In fact, some studies suggest fewer, larger meals may increase TEF more than eating frequent meals.

Meal frequency and athletic performance

Although evidence to support increased meal frequency in the general population remains mixed, several experts believe that eating small, frequent meals can benefit athletes. According to the International Society of Sports Nutrition, athletes who follow a reduced-calorie diet may benefit from eating small frequent meals with adequate protein because it can help preserve lean muscle mass.

In athletes, a higher meal frequency may improve performance, support fat loss, and improve body composition when total daily calorie intake is prioritised.

Diet quality

People who eat more frequently are more likely to have better diet quality.

Specifically, those who consume at least three meals per day are more likely to have a greater intake of vegetables, greens, legumes, fruit, whole grains, and dairy. These individuals are also more likely to consume less sodium and added sugars than those who consume two meals per day.
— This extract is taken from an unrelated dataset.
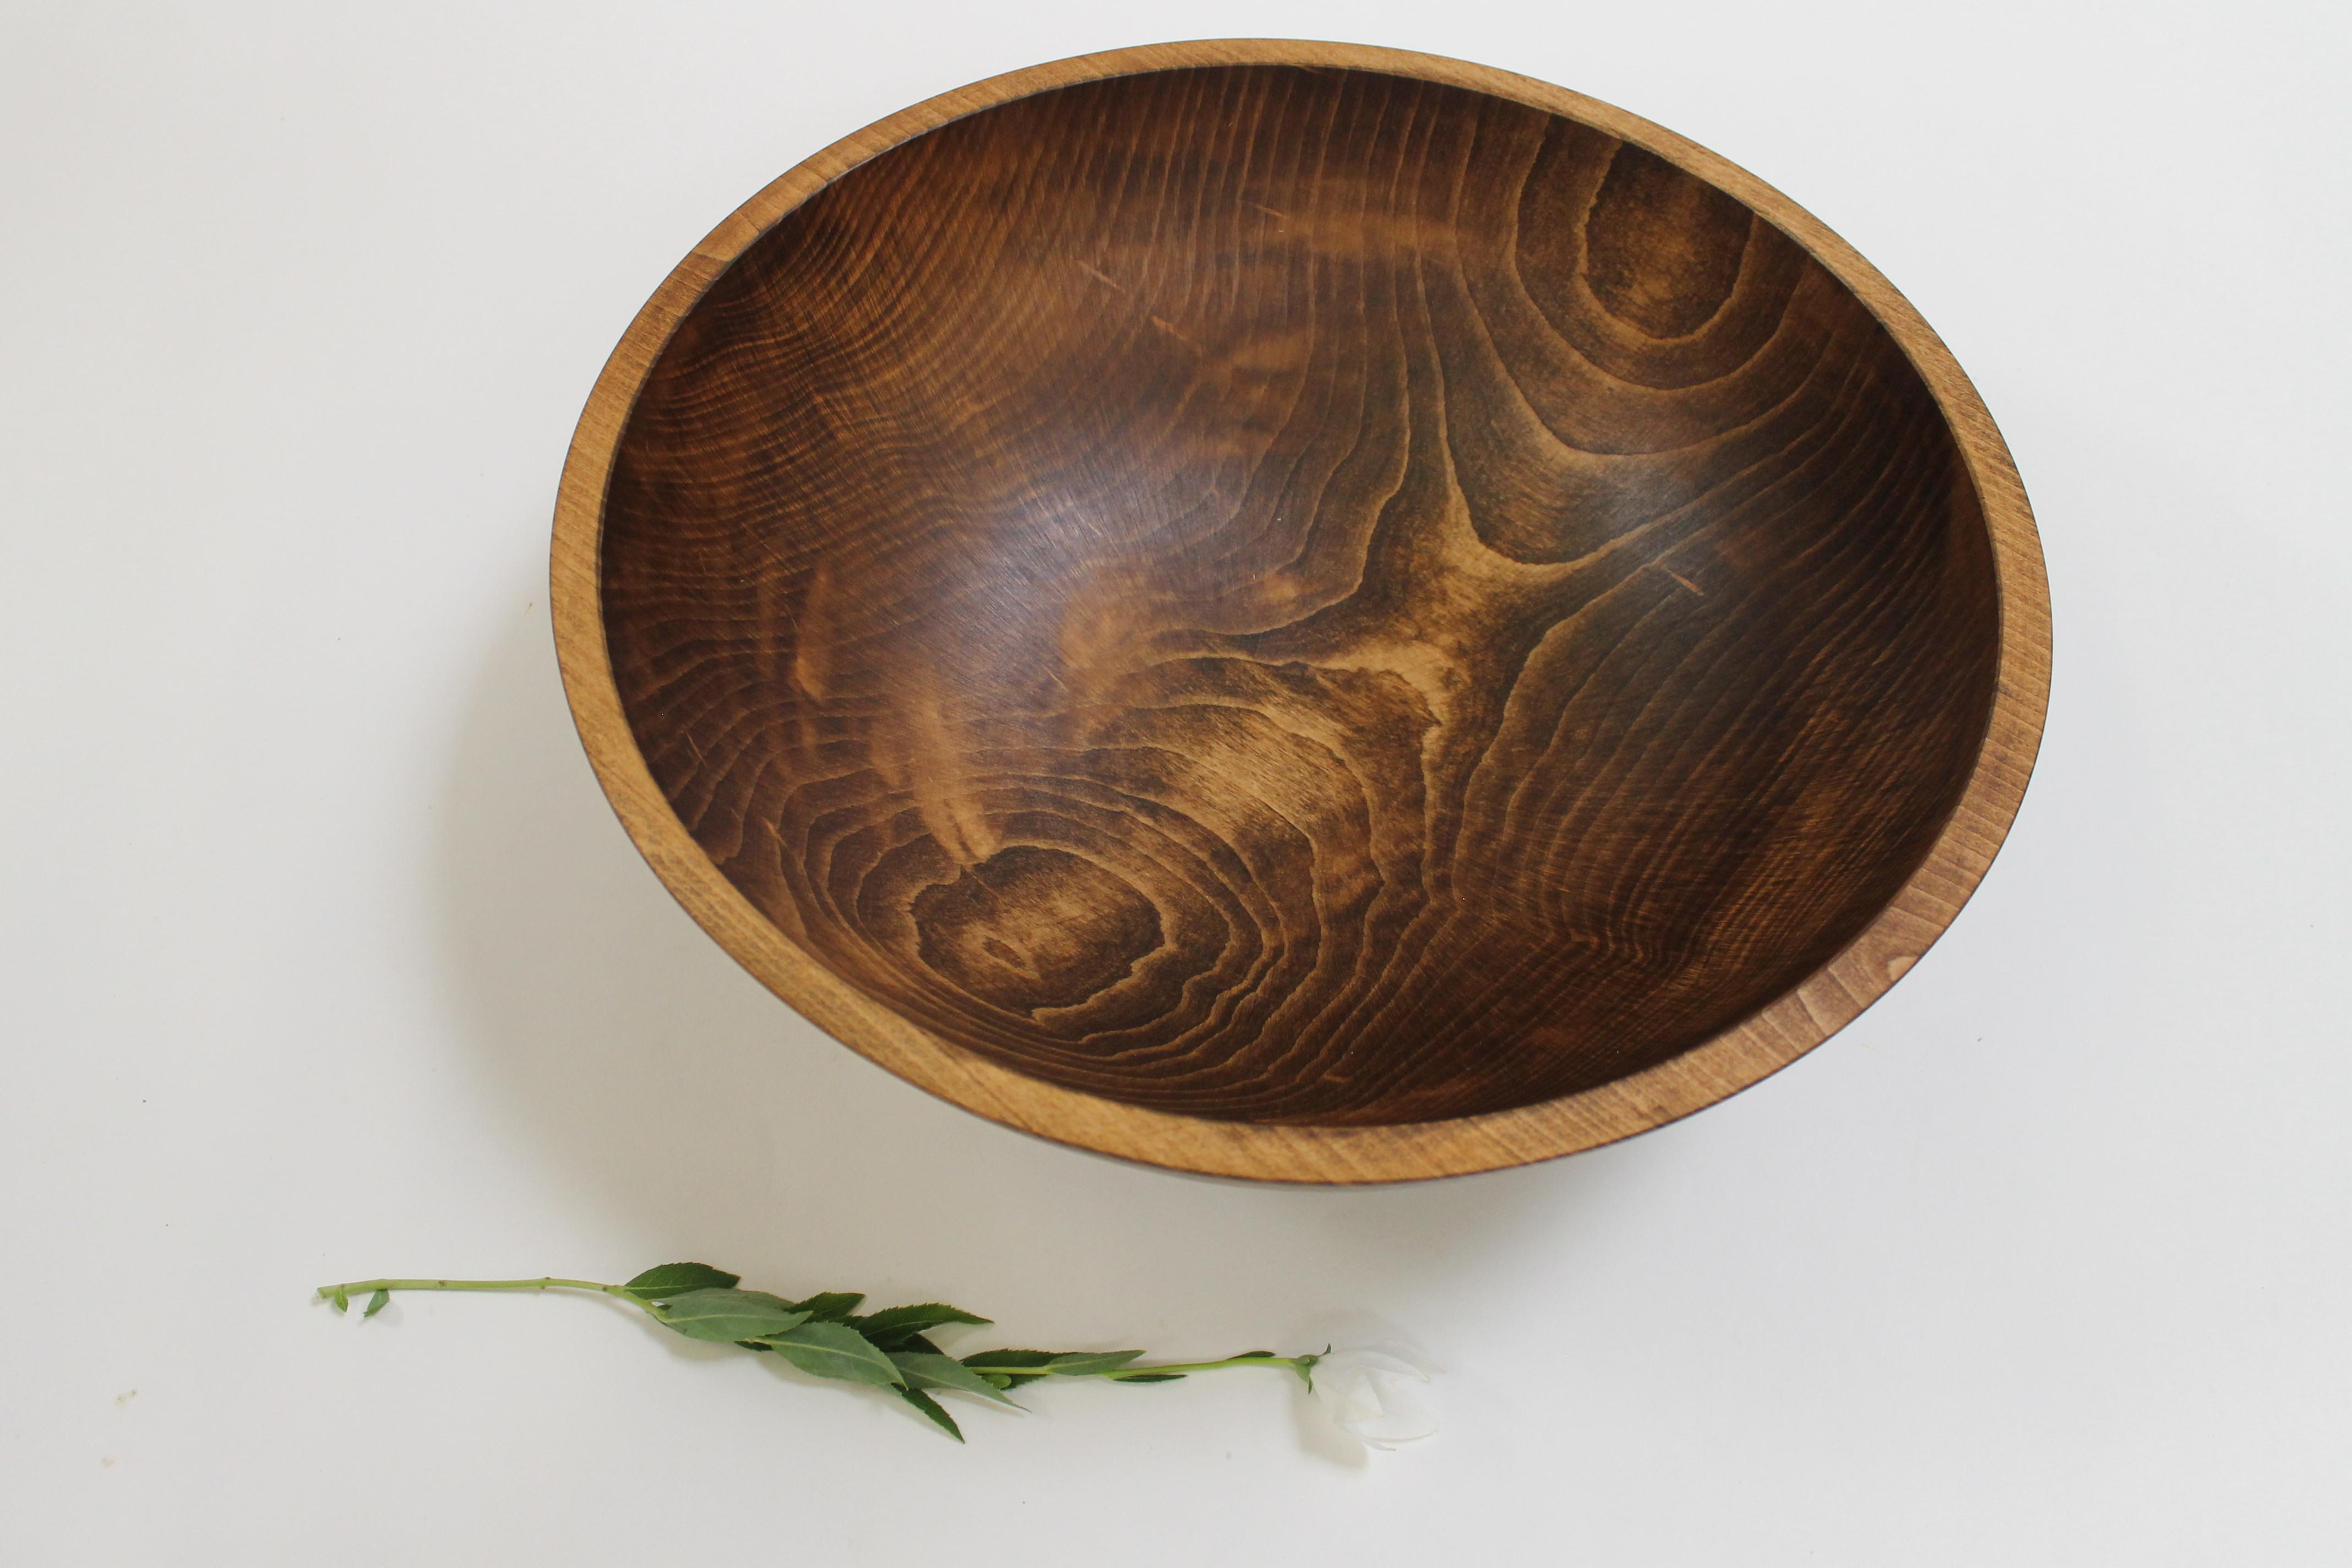 17 inch Beech Bowl - Dark Walnut & Bee's Oil Finish 117WBDK

Similarly, another 2020 study published in the British Journal of Nutrition found that increased meal frequency — approximately three meals per day is associated with higher diet quality.

Researchers found that snack frequency and diet quality varied depending on the definition of snacks.

Is one better than the other?

Based on the presented studies, no substantial evidence supports one eating pattern over the other. Yet many of these studies also have limitations. For example, there is no universally accepted definition of what a meal or snack consists of. This can have an impact on study outcomes. With that said, both eating patterns can be beneficial as long the primary focus is on healthful eating habits.

Who should consume small, frequent meals?

A review published in Nutrition in Clinical Practice shows that certain populations may benefit from six to 10 small, frequent meals. These include people who:

  1. experience early satiety
  2. are trying to gain weight
  3. have gastroparesis
  4. have gastrointestinal symptoms such as nausea, vomiting, or bloating.

If you want to lose weight, you must be mindful of your portion sizes. Make sure to stay within your daily calorie allowance and divide it evenly between meals. For example, if you require 1,800 calories per day to maintain your weight and choose to eat six small meals per day, each meal should contain approximately 300 calories. Small, frequent meals are frequently comprised of ultra-processed foods and snacks that are deficient in many essential nutrients required by your body. As a result, it is critical to concentrate on the quality of the foods you eat.

Who should consume fewer, larger meals? People who may benefit from three larger meals per day include:

  1. those who have difficulty practicing portion control
  2. those who tend not to eat mindfully
  3. people who live busy lives and may not have time to plan and prepare several nutritious mini-meals a day.

Again, keeping diet quality in mind and prioritizing whole foods is essential. Fewer meals mean fewer opportunities to get in key nutrients the body needs. While we do not have strong evidence to support the importance of meal frequency, substantial evidence supports the overall health benefits of following a well-balanced, nutrient-rich diet.

According to the Dietary Guidelines for Americans 2020–2025, a healthy diet should:

  1. emphasize fruits, vegetables, whole grains, and low-fat or fat-free milk or dairy products
  2. include protein from various sources, including seafood, lean meat and poultry, eggs, nuts, seeds, soy products, and legumes
  3. stay within your allotted calorie needs
  4. limit added sugars, cholesterol, trans fats, and saturated fats.

The bottom line

Evidence is mixed about the importance of food frequency. While there is no solid evidence to suggest that one eating style is superior to the other, both can offer health and wellness benefits if you follow a healthy eating pattern.

Thus, it ultimately comes down to personal preference and which approach works best for you. Additionally, if you have certain health conditions, one style may benefit you over the other.

As always, consult your healthcare provider before making any significant changes to your diet.